Done by Niloufar Mallam Hassam, BSc (Hons) Computer Science Yr 3 (Completed August 2021)
Traffic sign recognition (involving detection and classification) is considered fundamental for certain applications such as semi-autonomous / autonomous self-driving cars or driving alert systems. The system applies image processing techniques on a traffic sign image extracted from the images of road scene. Then, it should classify that sign into one of the correct categories & identify its meaning.
Traffic signs are simply detected by analyzing color information, notably red and blue, contained on the images. The detected signs are then classified according to their shape characteristics, as triangular, squared and circular shapes. Combining color and shape information, traffic signs are classified into one of the following main classes: danger, information, obligation or prohibition etc. Recognition process will identify the specific sign within its category. In order to make it happen, a machine learning technique can be applied, being trained with 1000s images beforehand. The algorithm analyzes the recurring patterns in the presented training images and learns to categorize new images.

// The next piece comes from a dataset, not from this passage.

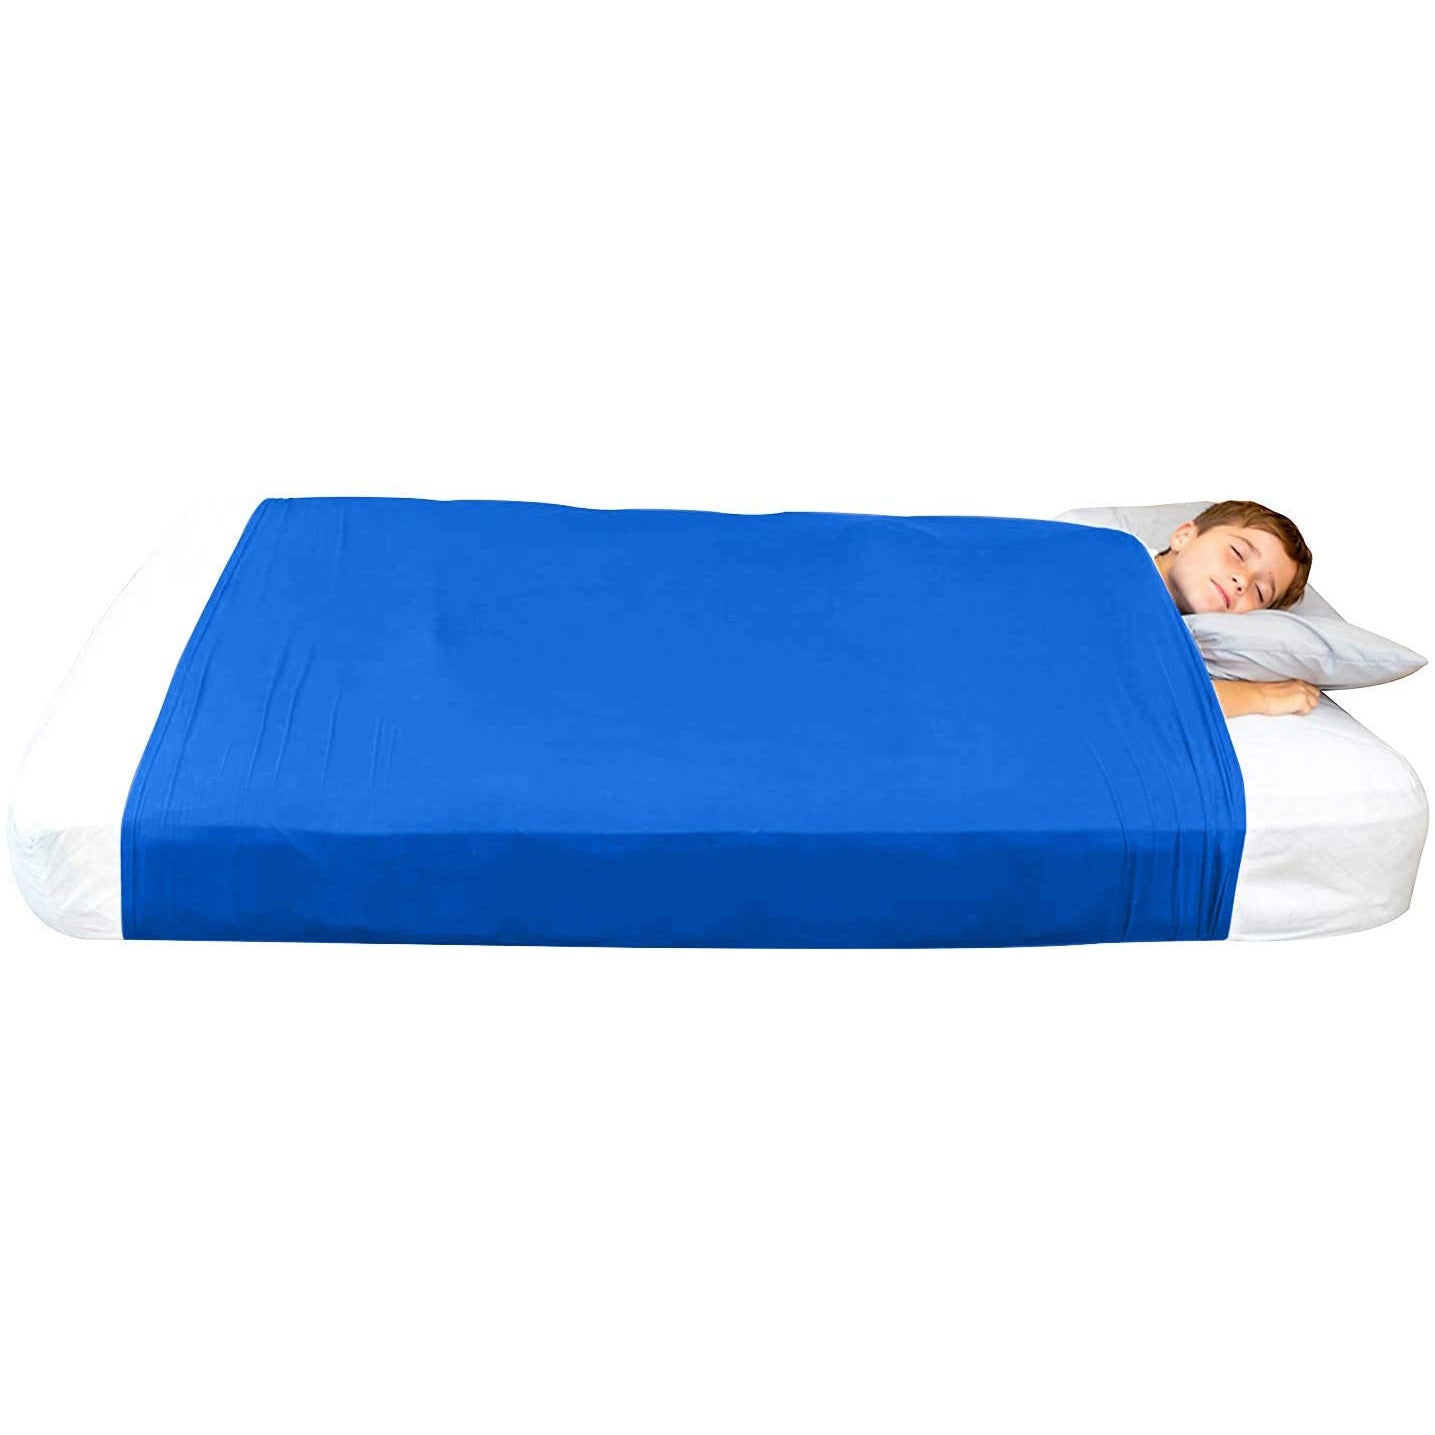 Children's sensory compression bed sheet blanket

The goal of this project is to classify all traffic signs images in Mauritius. We should train the model so it can decode traffic signs from natural images (road scenes) using a Mauritian Traffic Sign Dataset (to be constructed). This data should be first preprocessed in order to maximize the model performance. After selecting a suitable model architecture, fine tuning and training, the model will be tested on new images of traffic signs. Because we deal with images classification, a Convolutional Neural Network (machine learning) is a common choice for this type of problems. Detecting and classification of Traffic sign with high accuracy is the expected outcome of this project.